Once ready, jupyter may ask for your cluster password. To close the jupyter notebook, press Ctrl-c in the terminal. Closing the browser window does not close down the jupyter on the cluster. You can read this tutorial to learn how to use a jupyter notebook.

Visual Studio Code

If you did not do so when you installed Anaconda, you should download and install Visual Studio Code. VScode is great for developing scripts and editing text files. Once you have installed VScode, you should install the “Remote Development” extension. You do that by clicking the funny squares in the left bar and search for “Remote Development”. Once installed, you can click the small green square in the lower-left corner to connect to the cluster. Select “Connect current window to host” then “Add new SSH host”, then type <username>@login.genome.au.dk, then select the config file .ssh/config. Now you can click the small green square in the lower-left corner to connect to the cluster by selecting login.genome.au.dk. It may take a bit, but once it is done installing a remote server, you will have access to the files in your home folder on the cluster.
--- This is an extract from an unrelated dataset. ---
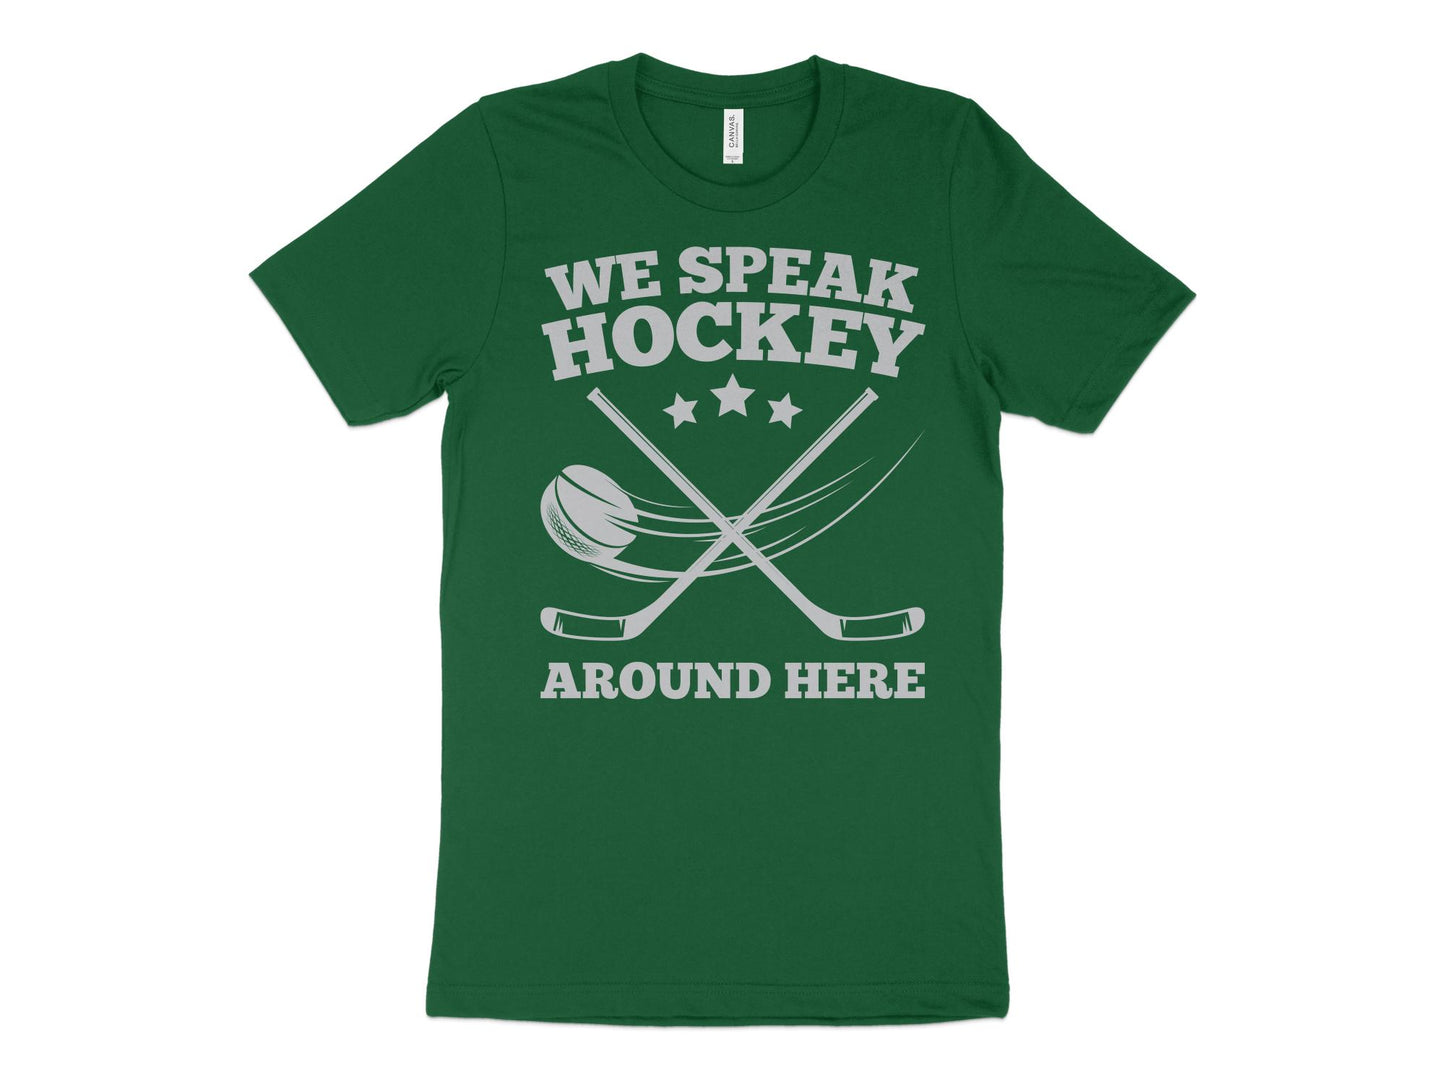 Funny Hockey Shirt - We Speak Hockey Around Here, green
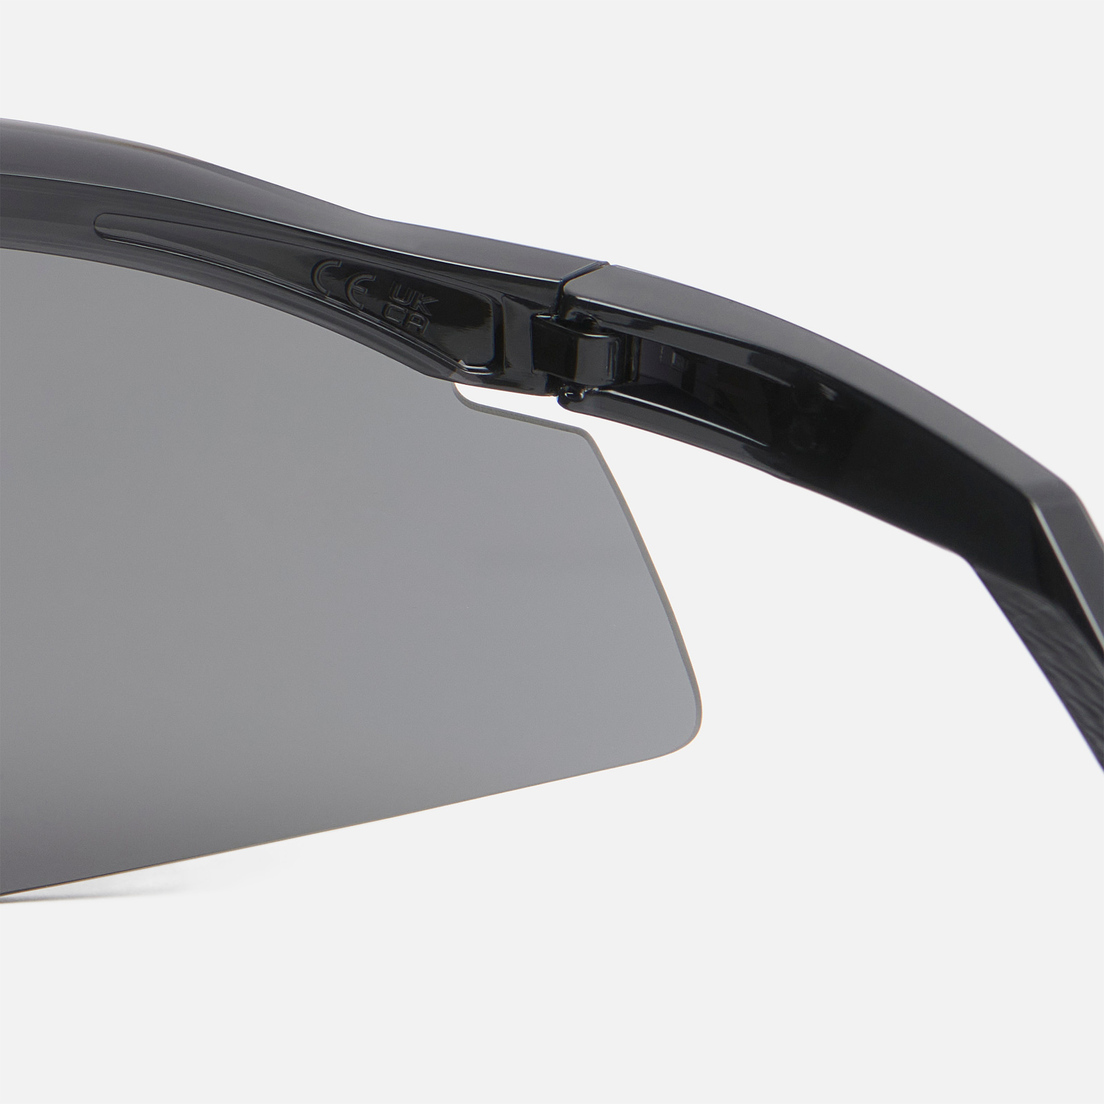 Oakley Солнцезащитные очки Hydra

Running interactive commands on the cluster

When you log into the cluster, you land on the “front-end” of the cluster. Think of it as the lobby of a giant hotel. If you execute the hostname command, you will get fe-open-01. fe1 is the name of the front-end machine. The “front-end” is a single machine shared by anyone who logs in. So you cannot run resource-intensive jobs there, but quick commands are ok. Commands that finish in less than ten seconds are ok. In the exercises for this course, you will run software that takes a much longer time to finish. So you need one of the computing machines on the cluster, so you can work on that instead. You ask for a computing machine by running this command:

Terminal

srun --mem-per-cpu=1g --time=3:00:00 --account=<projectfolder> --pty bash

That says that you need at most one gigabyte of memory, that you need it for at most three hours (the duration of the exercise), and that the computing expenses should be billed to the project <projectfolder>. When you execute the command, your terminal will say “srun: job 40924828 queued and waiting for resources”. That means that you are waiting for a machine. Once it prints “srun: job 40924828 has been allocated resources”, you have been logged into a computing node. If you execute the hostname command, you will get something like s05n20. s05n20 is a computing machine. The same way you moved from your own computer to front-end machine of the cluster by logging in using ssh, the command above moves you from the front-end to a compute machine. Now you can execute any command you like without causing trouble for anyone.

Now try to log out of the compute node by executing the exit command or by pressing Ctrl-d. If you execute the hostname command again, you will get fe1.genomedk.net showing that you are back at the front-end machine.

Queueing commands on the cluster

For non-interactive work, it is better to submit your command as a job to the cluster. When you do that, the job gets queued along with many other jobs, and as soon as the requested resources are available on the cluster, the job will start on one the many many machines. To submit a job, you must first create a file (a “batch script”) that contains both the requested computer resources and the command you want to run.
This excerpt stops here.